### [Task directions]
The pictures stay out; all of the data is to be printed exactly.

### [Provided material]
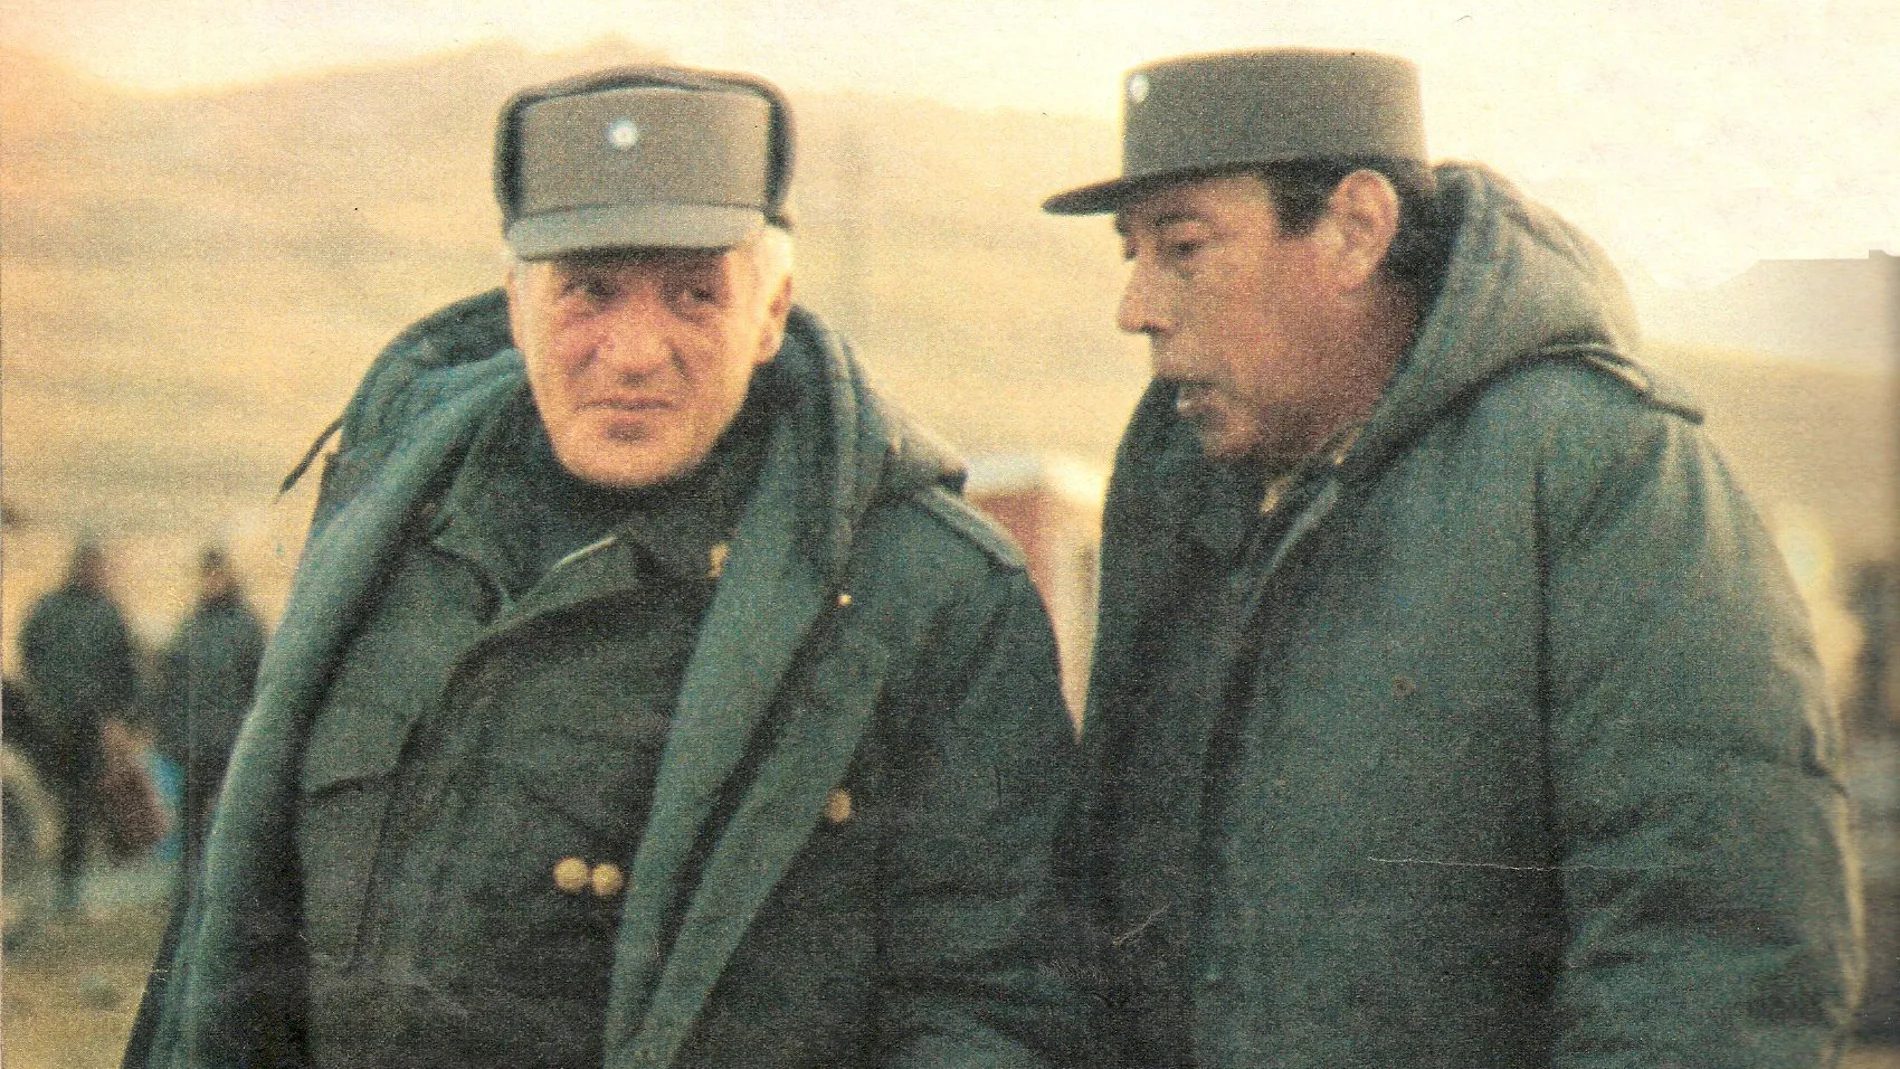 El general Leopoldo Fortunato Galtieri (a la izquierda), junto al general Jofre (derecha), comandante en jefe de la defensa de las Malvinas, durante la visita del primero a las islas.
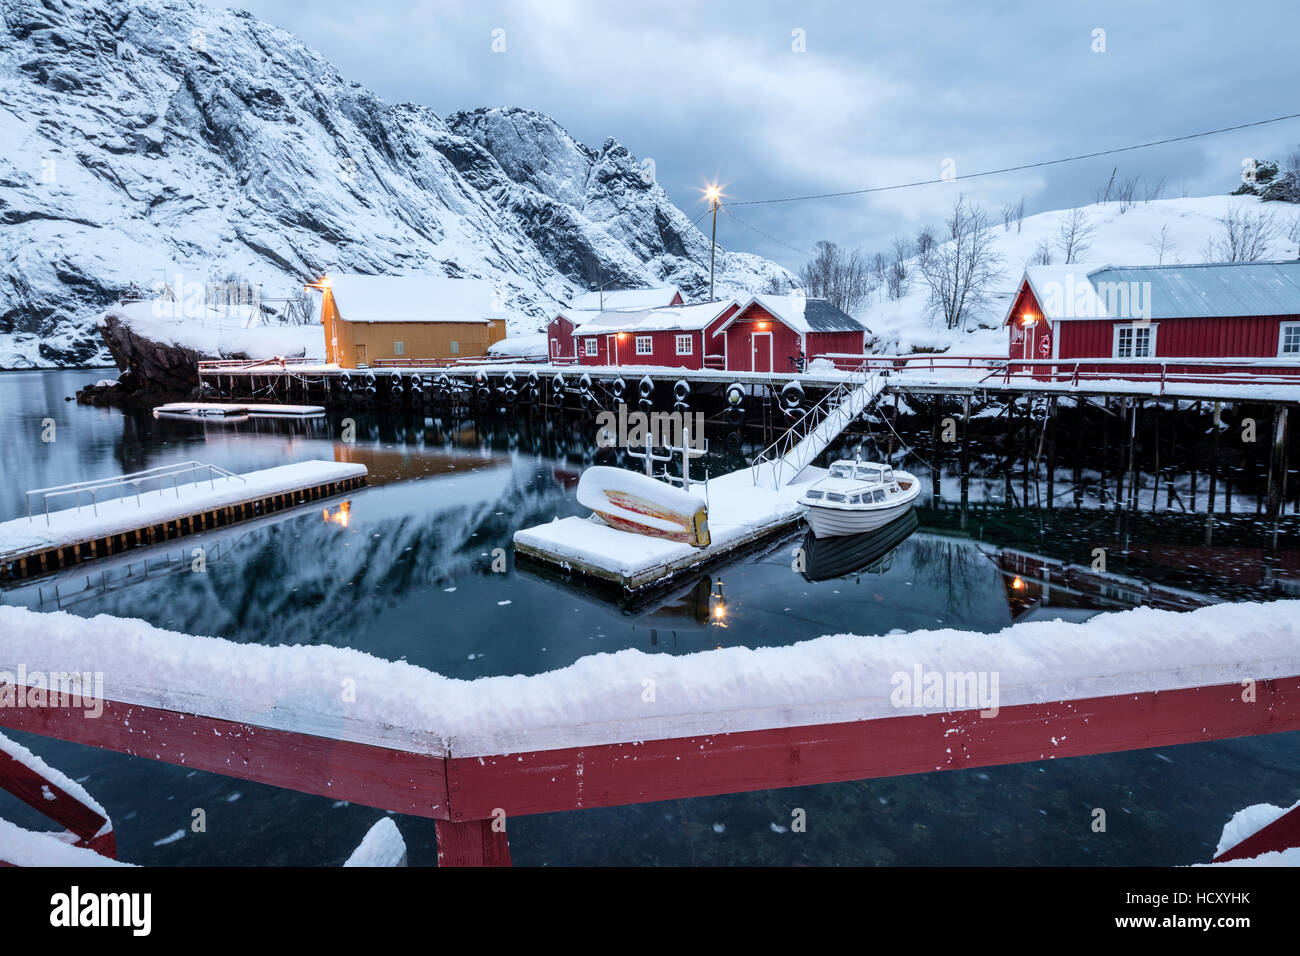 La mer froide du châssis et des sommets enneigés le village de pêcheurs au crépuscule, Nusfjord, Nordland, îles Lofoten, dans le Nord de la Norvège Banque D'Images
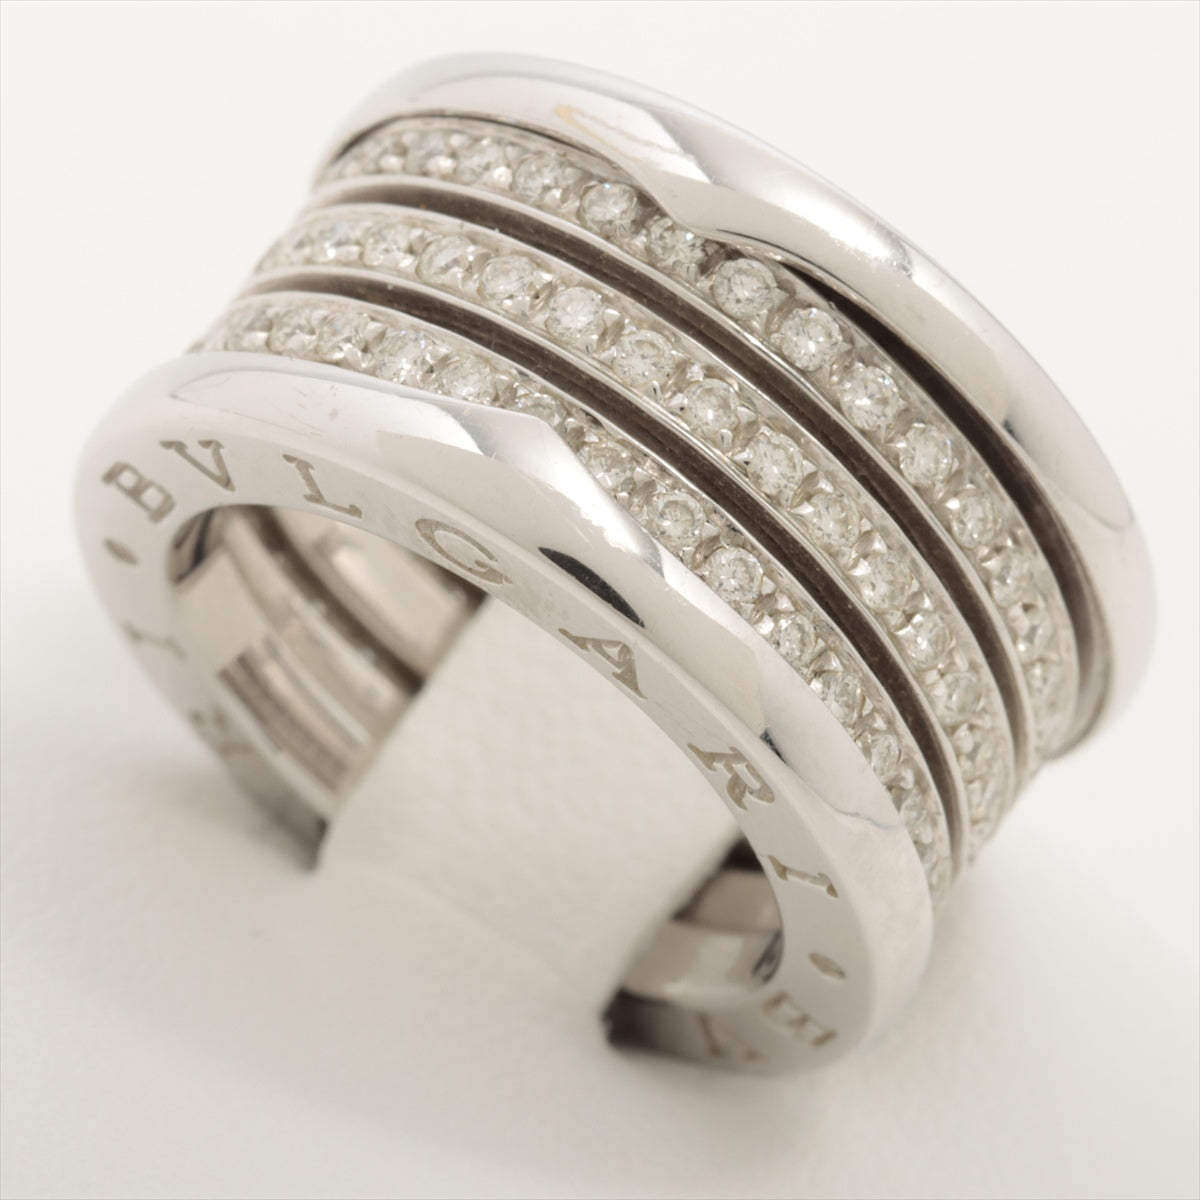 Bvlgari B.Zero 1 full diamond rings 750(WG) 14.4g 50
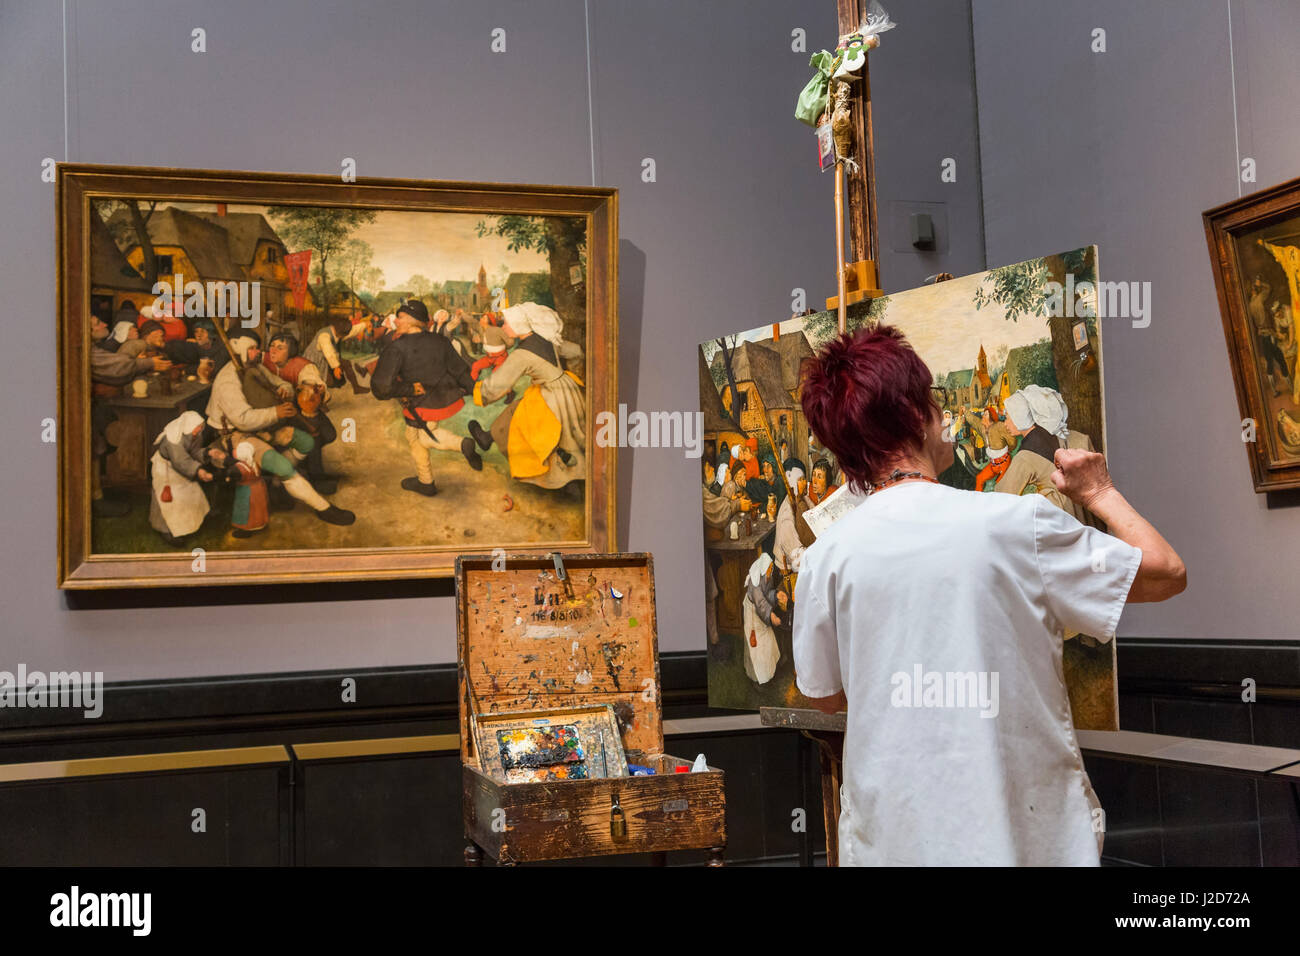 Kopieren von "Tanz der Bauern" von Pieter Bruegel, kunsthistorischen historische Kunst-Museum, Wien, Österreich Stockfoto

### [Response to the exercise]
 El general Leopoldo Fortunato Galtieri (a la izquierda), junto al general Jofre (derecha), comandante en jefe de la defensa de las Malvinas, durante la visita del primero a las islas.
 La mer froide du châssis et des sommets enneigés le village de pêcheurs au crépuscule, Nusfjord, Nordland, îles Lofoten, dans le Nord de la Norvège Banque D'Images
 Bvlgari B.Zero 1 full diamond rings 750(WG) 14.4g 50
 Kopieren von "Tanz der Bauern" von Pieter Bruegel, kunsthistorischen historische Kunst-Museum, Wien, Österreich Stockfoto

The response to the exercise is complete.